When you count them all up, there are exactly 36 sequential digit numbers in existence. You can generate every single one and then just filter by the range.
The approach
The plan is clean:
- Loop over every possible length from 2 to 9.
- For each length, loop over every valid starting digit (1 through
9 - length + 1). - Build the number by appending consecutive digits.
- If the number falls within
[low, high], add it to the result.
Because you iterate lengths from small to large and starting digits from small to large, the output is automatically sorted. No extra sorting step needed.
def sequential_digits(low: int, high: int) -> list[int]:
results = []
for length in range(2, 10):
for start in range(1, 10 - length + 1):
num = 0
for i in range(length):
num = num * 10 + (start + i)
if low <= num <= high:
results.append(num)
return results
The inner loop that builds num is doing digit-by-digit construction. If start = 3 and length = 4, it computes:
num = 0 * 10 + 3 = 3num = 3 * 10 + 4 = 34num = 34 * 10 + 5 = 345num = 345 * 10 + 6 = 3456
That is 3456, a sequential digit number starting at 3 with length 4.
Visual walkthrough
Let's trace through the algorithm with low = 100 and high = 300. Since both are 3-digit numbers, only length-3 candidates can possibly fit (length-2 numbers are at most 89, and length-4 numbers start at 1234).

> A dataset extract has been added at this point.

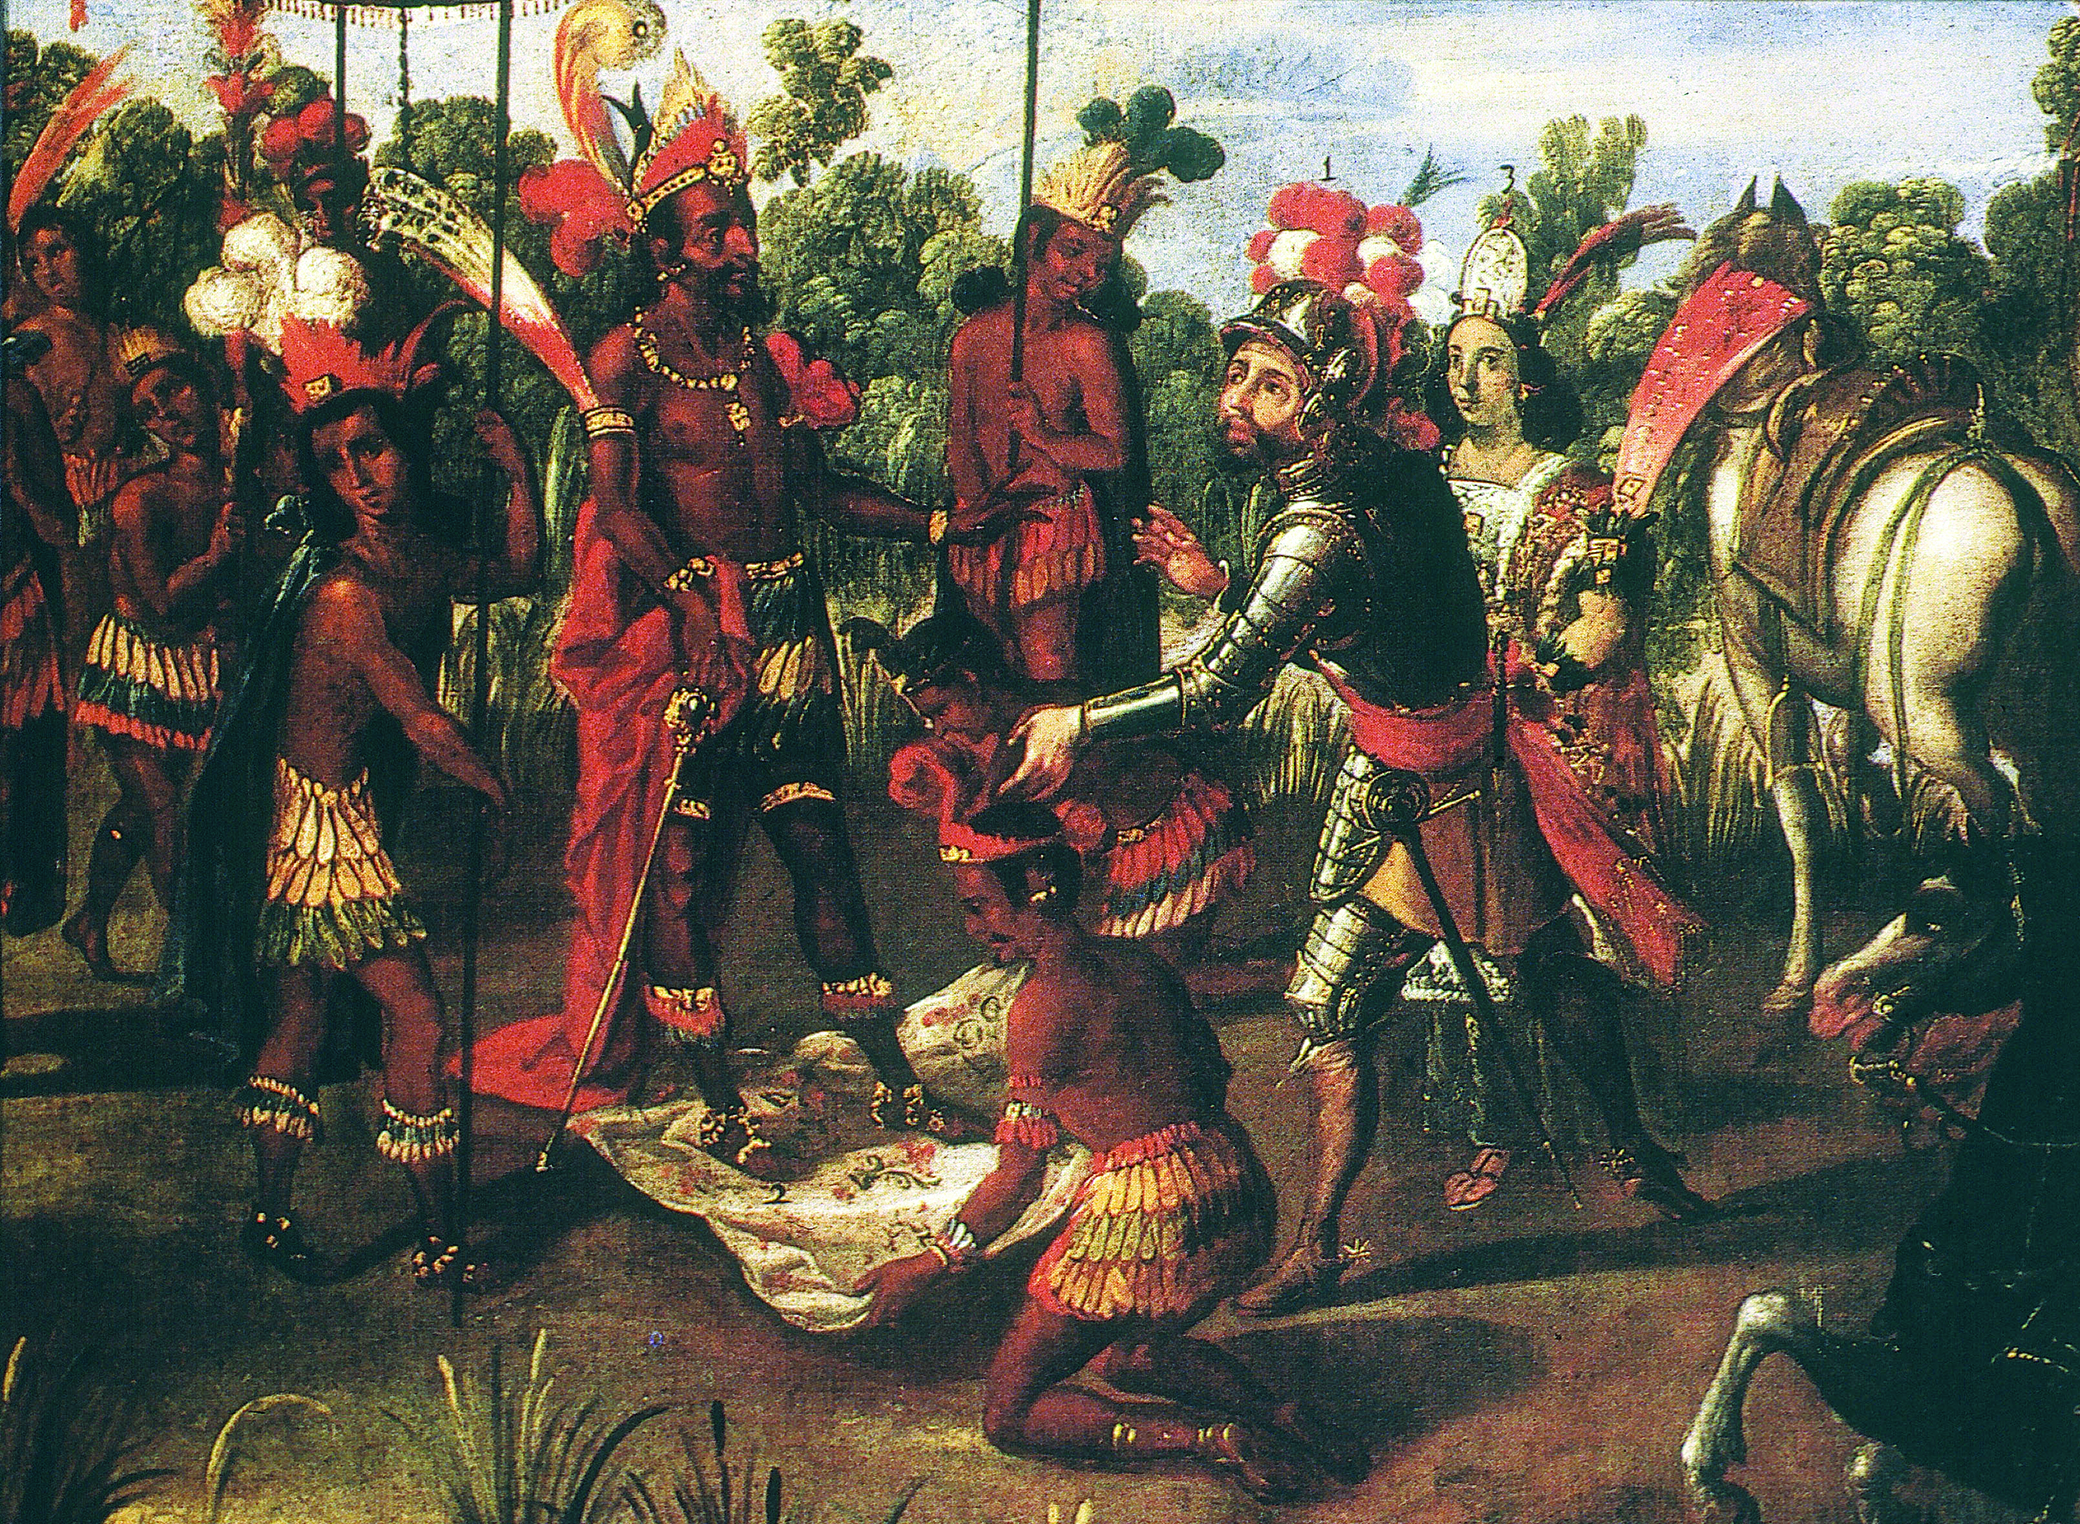 The Meeting of Cortés and Moctezuma, from the Conquest of México series, Mexico, second half of seventeenth century. Library of Congress, Rare Book and Special Collections Division, Jay I. Kislak Collection.

Step 1: Enumerate all sequential digit numbers (low=100, high=300)
There are only 36 possible sequential digit numbers total (lengths 2 through 9). We generate them all by iterating over each possible starting digit and length.
Step 2: Filter to range [100, 300]
100 ≤ num ≤ 300We only need length-3 numbers since low=100 has 3 digits and high=300 has 3 digits. From the length-3 candidates, only 123 and 234 fall within [100, 300].
Step 3: Return the result
The result is already sorted because we generate numbers in order of length and starting digit.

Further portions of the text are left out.